MAS and MSS were compared over the clusters identified by unsupervised machine learning (SPR, END, AVG). Additionally, linear regression analysis was used to identify the relationship between MAS and MSS. The relationships between these physical traits were quantified in terms of explained variance (R2). Subsequently, a Deming regression was employed after normalizing the physical traits to Z-scores in accordance with previous literature (van der Zwaard et al., 2018) to fit the relationship between these traits accounting for errors in both traits rather than that of the dependent variable only (as is common in simple linear regression analysis). Moreover, the average match-specific sprint performance was plotted against the MSS, while the distance covered at moderate and high intensity (MIR+HIR) during an average match was plotted against the MAS. Linear regression was used to examine these relationships and R2 was used to quantify the explained variance of physical capacity on match-specific running performance.

 

Results

For our sample of young elite soccer players, the MSS over 20 meters was 29.58 ± 0.71 km/h with values ranging from 27.73 to 31.20 km/h. MAS was 19.50 ± 1.05 km/h with values ranging from 16.49 to 21.30 km/h. The three clusters identified by k-means clustering were compared for differences in MAS and MSS (Figure 5). END had a significantly higher MAS than AVG (20.35 vs 18.86 km/h; mean difference = 1.49, 95%CI [0.35, 2.63], P < 0.01) and there was a trend for increased MSS of SPR compared to END (30.30 vs 29.18 km/h; mean difference = 1.12; 95%CI [0.07, 2.32], P = 0.07).

 
Figure 5. Group differences of the three clusters for their maximal 20-meter sprint speed (MSS 20-meter) and maximal aerobic speed (MAS). See the caption of Figure 1 and the text for the characteristics of the three clusters: SPR, END and AVG.
 

Similar to the comparison between 20-meter sprint speed and V̇O2max normalized to LBM2/3 (R2 = 0.086, P = 0.16), no (negative) relationship between MAS and MSS (R2 = 0.009, P = 0.66) was observed (Figure 6). The Deming regressions revealed similar results in both cases (P = 0.16 and 0.66, respectively).

 
Figure 6. Maximal aerobic speed (MAS) plotted against the maximal 20-meter sprint speed (MSS 20-meter). Each point reflects the data of a single young elite soccer player, for a total of 24 players. A linear regression revealed no significant relationship between the depicted variables.

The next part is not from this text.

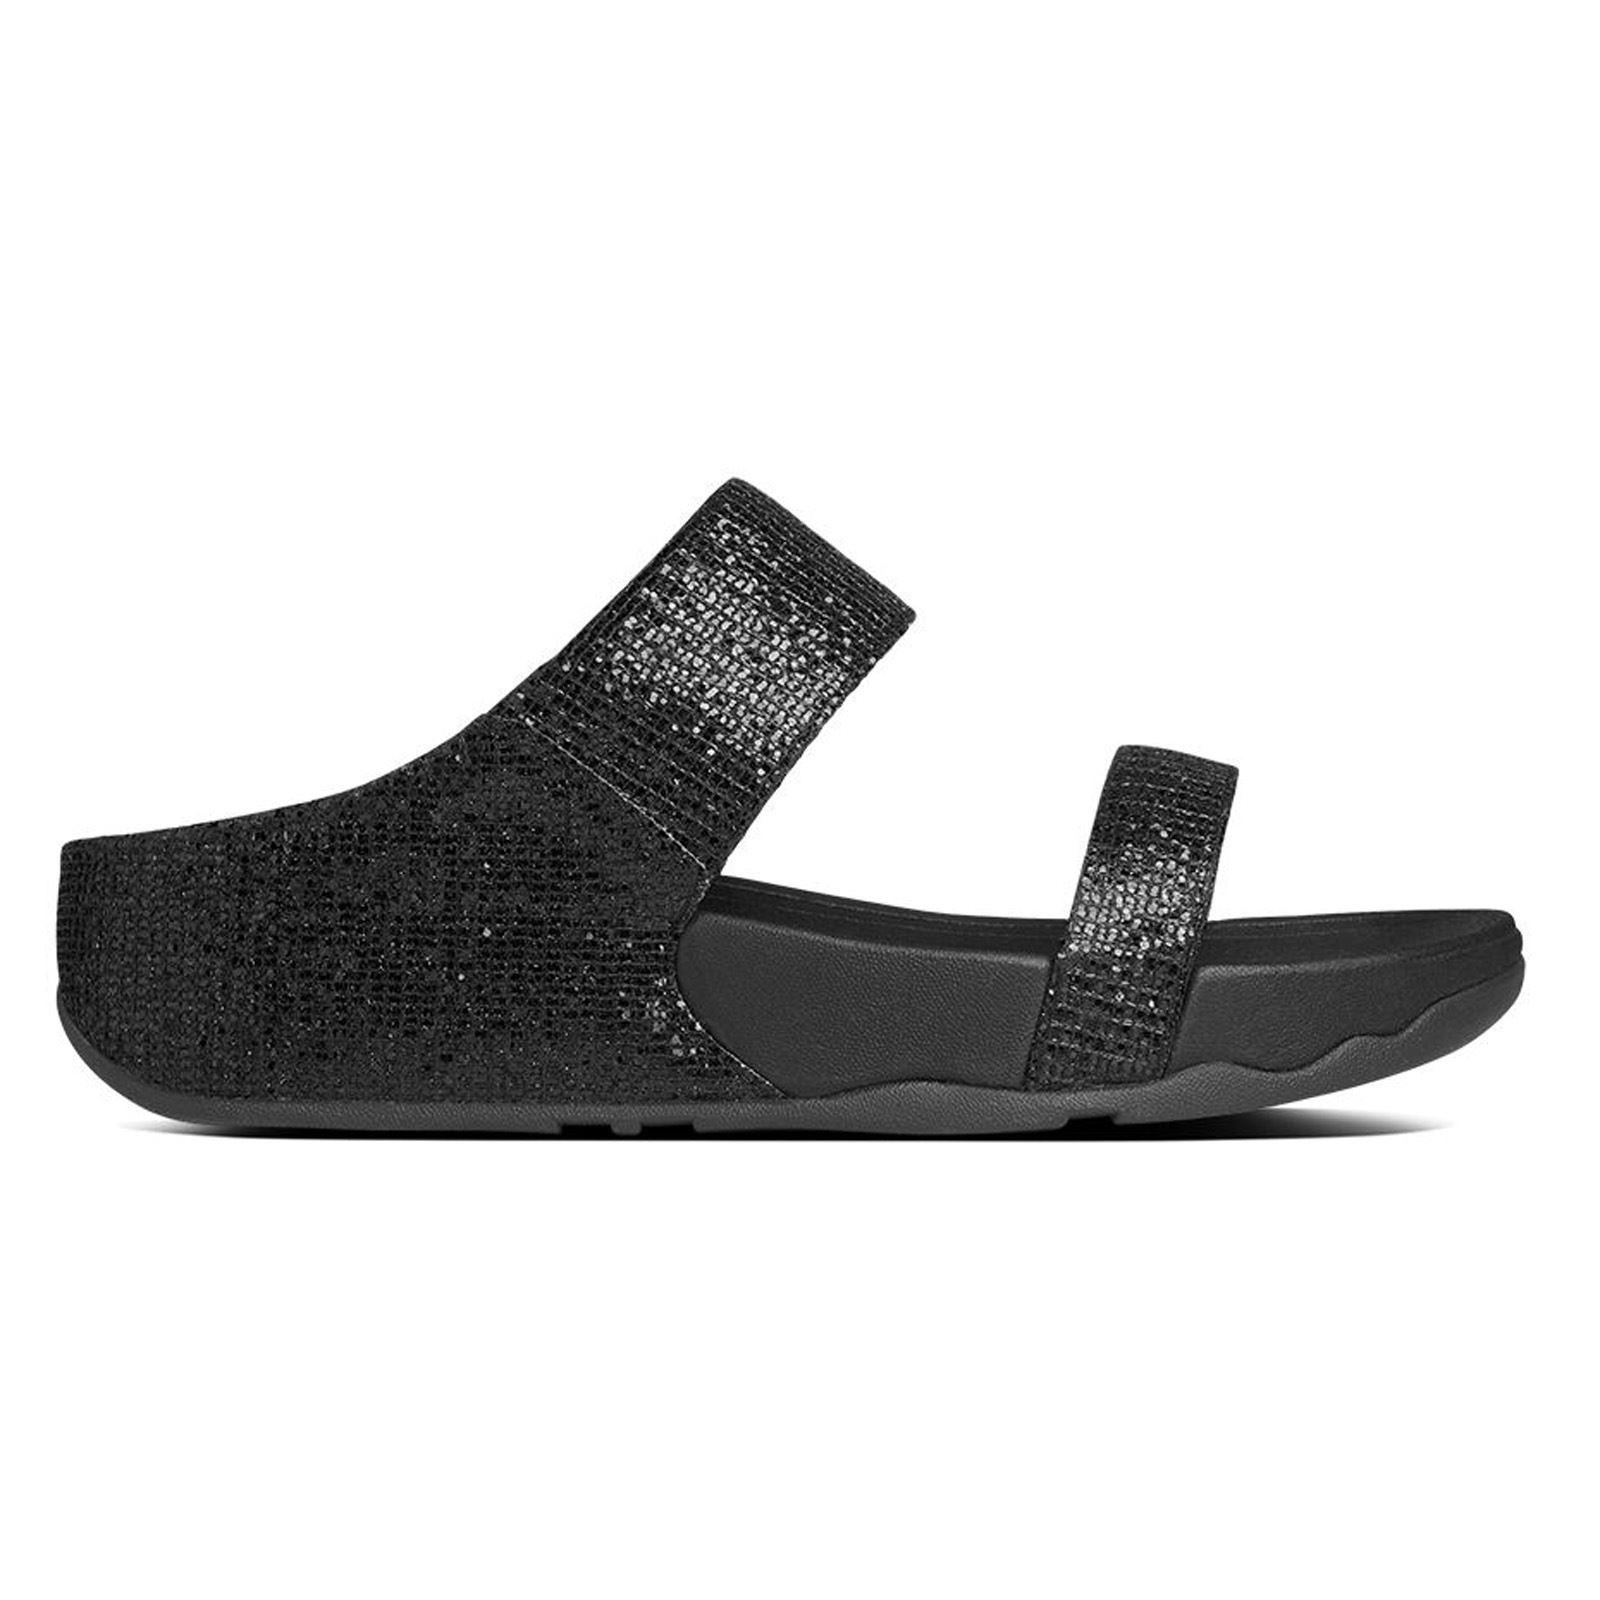 0dccd44c54e FitFlop Lulu Superglitz Slide Black Womens Sandals

Clusters are indicated as follows: yellow square (AVG, average), red triangle (END, endurance-oriented), and blue circle (SPR, sprint-oriented).
 

Similar to the comparison between average sprint speed and average sprint distance during a match, the linear regression showed a moderate, significant positive relationship between average sprint distance during a match and the MSS (R2 = 0.230, P = 0.01). Moreover, linear regression revealed a substantial, significant positive relationship between average match distance at moderate and high intensity and MAS (R2 = 0.409, P < 0.01) (Figure 7).

 
Figure 7. (A) Average sprint distance during a match plotted against the maximal sprint speed over a 20-meter sprint (MSS 20-meter). Each point represents the data of a single young elite soccer player, for a total of 27 players. Linear regression (black line) shows a moderate, significant positive relationship between these variables. (B) Average match distance at moderate and high intensity (14-24 km/h) plotted against maximal aerobic speed (MAS) for 28 young elite soccer players. A substantial, significant positive relationship was found. Clusters are indicated as follows: yellow square (AVG, average), red triangle (END, endurance-oriented), blue circle (SPR, sprint-oriented), and pink rhombus (insufficient data for clustering).
 

Appendix C: Alternative clustering methods

 
 
Figure 8. k-means++, k-medoids, and hierarchical clustering as alternative clustering methods to k-means. All three alternative methods show very similar clusters compared to k-means.